> **EXERCISE BRIEF**
Under this line are the records; write out word for word the part that begins at the line containing "Massimo-Drago-Cesena-2015-PP-MP" and ends at the line containing "Doisneau entouré de", and no more.

(Stored items from a collection)
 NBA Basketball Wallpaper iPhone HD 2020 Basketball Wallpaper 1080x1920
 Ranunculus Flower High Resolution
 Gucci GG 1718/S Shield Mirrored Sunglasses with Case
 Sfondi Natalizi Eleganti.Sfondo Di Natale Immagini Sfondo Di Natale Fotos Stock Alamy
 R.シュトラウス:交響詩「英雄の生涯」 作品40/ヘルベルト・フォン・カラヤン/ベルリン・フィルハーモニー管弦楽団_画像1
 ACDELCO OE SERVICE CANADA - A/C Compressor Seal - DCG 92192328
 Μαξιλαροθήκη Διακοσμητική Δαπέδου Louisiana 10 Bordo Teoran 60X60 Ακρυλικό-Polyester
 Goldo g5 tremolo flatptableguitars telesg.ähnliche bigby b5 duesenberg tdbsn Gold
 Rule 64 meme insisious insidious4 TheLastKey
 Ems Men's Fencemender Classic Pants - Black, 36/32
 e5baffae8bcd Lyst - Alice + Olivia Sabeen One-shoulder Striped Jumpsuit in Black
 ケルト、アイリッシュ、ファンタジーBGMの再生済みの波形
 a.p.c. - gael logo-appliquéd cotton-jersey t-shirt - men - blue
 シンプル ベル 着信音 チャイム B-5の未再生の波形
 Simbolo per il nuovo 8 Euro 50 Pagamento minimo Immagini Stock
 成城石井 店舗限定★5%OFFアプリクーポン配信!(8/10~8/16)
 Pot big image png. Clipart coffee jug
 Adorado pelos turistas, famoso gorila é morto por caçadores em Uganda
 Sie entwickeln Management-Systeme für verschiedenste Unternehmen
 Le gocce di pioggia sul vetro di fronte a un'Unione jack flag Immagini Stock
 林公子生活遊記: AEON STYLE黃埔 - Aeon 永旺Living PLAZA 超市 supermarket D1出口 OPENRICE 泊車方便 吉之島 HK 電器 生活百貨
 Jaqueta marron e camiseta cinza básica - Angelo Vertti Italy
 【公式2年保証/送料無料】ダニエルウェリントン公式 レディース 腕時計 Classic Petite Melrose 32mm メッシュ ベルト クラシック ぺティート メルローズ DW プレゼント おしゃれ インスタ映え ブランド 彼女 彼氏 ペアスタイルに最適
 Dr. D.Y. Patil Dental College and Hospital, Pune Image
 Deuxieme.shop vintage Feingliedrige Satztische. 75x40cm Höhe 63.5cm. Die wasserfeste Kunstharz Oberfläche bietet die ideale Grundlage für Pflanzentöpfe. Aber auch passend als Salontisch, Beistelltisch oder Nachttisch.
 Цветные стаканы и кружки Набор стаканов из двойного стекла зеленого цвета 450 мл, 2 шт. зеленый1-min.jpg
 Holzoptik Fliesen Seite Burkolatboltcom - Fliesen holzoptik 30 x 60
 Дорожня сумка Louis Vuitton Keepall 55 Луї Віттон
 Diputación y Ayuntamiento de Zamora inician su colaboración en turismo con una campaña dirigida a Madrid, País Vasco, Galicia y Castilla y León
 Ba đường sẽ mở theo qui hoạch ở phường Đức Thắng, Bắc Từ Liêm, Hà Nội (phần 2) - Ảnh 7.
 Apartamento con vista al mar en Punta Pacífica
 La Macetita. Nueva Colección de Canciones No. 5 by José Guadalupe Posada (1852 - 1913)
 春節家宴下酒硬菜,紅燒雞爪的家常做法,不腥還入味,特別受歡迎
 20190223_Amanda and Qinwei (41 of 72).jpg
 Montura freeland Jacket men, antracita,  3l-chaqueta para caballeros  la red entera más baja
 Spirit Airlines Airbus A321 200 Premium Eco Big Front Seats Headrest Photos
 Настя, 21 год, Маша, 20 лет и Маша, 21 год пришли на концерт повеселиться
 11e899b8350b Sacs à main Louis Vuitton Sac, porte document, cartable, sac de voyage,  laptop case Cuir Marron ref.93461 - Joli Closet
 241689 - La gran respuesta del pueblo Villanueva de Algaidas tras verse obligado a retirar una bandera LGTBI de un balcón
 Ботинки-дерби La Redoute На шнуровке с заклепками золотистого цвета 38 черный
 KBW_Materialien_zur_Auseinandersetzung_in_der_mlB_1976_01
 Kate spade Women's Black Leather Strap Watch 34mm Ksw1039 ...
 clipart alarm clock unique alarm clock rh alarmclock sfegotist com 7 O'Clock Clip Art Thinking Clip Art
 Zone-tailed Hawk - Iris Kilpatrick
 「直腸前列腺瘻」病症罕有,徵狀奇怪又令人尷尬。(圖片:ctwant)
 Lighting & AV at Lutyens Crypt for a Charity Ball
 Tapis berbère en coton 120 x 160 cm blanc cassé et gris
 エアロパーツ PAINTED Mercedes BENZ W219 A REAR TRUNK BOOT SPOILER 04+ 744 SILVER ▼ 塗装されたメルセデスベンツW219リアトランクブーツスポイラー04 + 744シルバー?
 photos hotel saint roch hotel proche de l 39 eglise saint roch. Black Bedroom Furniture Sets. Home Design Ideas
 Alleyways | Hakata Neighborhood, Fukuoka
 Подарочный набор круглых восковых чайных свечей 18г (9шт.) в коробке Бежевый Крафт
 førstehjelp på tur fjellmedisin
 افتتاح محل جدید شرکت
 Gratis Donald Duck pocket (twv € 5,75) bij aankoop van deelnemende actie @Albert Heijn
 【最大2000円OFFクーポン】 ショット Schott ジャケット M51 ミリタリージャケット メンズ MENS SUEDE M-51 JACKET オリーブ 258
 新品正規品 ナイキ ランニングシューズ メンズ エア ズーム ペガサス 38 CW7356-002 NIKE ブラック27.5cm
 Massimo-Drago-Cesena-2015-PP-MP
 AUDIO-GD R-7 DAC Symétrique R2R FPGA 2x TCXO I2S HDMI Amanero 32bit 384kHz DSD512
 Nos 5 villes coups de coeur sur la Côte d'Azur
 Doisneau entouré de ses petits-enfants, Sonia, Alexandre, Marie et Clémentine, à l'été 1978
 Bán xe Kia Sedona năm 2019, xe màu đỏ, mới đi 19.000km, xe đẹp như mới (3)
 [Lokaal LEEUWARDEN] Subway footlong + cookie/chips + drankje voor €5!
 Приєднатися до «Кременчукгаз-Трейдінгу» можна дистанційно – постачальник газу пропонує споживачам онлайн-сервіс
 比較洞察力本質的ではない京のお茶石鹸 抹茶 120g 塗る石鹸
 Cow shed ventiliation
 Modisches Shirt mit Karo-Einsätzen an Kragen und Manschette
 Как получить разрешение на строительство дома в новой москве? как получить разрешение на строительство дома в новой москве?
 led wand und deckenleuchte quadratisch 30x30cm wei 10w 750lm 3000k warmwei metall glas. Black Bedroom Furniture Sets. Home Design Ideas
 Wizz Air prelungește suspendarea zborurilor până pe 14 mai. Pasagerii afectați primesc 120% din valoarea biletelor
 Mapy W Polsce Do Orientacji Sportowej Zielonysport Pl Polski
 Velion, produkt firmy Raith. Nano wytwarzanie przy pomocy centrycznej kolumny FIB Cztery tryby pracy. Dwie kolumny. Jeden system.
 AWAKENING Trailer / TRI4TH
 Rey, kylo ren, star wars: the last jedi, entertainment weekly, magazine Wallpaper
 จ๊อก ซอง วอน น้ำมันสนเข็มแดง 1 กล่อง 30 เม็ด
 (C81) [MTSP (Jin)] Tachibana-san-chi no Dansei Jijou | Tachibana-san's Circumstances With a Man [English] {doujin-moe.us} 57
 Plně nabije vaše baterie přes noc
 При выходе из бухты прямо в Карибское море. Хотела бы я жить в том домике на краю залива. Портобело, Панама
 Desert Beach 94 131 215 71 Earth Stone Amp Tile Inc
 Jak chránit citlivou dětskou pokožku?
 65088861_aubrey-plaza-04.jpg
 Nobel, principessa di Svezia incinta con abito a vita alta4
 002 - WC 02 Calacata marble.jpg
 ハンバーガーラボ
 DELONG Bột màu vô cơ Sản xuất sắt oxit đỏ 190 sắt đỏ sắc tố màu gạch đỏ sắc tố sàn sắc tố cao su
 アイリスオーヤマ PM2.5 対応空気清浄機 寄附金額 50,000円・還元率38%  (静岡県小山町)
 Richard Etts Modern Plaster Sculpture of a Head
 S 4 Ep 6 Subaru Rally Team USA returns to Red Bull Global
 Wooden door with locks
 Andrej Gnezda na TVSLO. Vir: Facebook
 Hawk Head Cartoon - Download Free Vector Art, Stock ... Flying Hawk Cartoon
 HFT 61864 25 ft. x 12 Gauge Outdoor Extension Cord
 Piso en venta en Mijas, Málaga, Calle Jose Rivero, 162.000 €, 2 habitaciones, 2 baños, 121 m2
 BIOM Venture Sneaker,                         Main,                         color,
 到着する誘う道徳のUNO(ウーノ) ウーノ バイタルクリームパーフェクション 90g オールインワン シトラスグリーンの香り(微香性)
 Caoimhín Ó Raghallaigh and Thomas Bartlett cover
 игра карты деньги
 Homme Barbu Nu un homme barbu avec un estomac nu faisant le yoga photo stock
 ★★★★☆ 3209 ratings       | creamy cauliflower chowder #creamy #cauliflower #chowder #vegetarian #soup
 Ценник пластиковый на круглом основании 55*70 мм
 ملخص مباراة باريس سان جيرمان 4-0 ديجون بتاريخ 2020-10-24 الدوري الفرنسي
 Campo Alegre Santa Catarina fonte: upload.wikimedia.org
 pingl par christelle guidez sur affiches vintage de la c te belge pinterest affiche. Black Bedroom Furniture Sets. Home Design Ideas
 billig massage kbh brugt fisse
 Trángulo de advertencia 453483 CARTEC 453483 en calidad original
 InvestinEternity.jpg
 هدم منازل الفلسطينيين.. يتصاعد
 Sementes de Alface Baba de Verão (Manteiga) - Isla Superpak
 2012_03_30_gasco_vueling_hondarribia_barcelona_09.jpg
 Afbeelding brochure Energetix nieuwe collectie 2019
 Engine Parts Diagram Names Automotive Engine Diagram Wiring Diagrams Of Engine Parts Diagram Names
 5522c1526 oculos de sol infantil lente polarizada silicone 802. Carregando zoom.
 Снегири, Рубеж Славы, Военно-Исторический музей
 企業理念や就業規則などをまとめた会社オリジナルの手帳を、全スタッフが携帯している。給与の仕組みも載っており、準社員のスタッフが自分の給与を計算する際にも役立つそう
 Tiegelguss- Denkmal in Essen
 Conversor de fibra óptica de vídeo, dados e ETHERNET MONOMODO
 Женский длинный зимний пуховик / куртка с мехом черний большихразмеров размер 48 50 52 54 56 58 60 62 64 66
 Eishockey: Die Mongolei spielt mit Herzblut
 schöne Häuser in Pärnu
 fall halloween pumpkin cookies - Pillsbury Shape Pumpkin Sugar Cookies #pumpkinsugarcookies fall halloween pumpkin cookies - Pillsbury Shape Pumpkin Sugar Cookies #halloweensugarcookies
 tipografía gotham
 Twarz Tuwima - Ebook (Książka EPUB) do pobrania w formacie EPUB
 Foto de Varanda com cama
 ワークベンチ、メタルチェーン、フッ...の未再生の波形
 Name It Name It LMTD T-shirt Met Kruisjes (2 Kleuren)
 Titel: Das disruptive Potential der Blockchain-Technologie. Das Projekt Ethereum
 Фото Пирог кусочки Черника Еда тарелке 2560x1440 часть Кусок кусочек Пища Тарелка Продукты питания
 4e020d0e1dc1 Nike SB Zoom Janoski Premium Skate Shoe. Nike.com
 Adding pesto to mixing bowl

> **WRITTEN REPLY**
 Massimo-Drago-Cesena-2015-PP-MP
 AUDIO-GD R-7 DAC Symétrique R2R FPGA 2x TCXO I2S HDMI Amanero 32bit 384kHz DSD512
 Nos 5 villes coups de coeur sur la Côte d'Azur
 Doisneau entouré de ses petits-enfants, Sonia, Alexandre, Marie et Clémentine, à l'été 1978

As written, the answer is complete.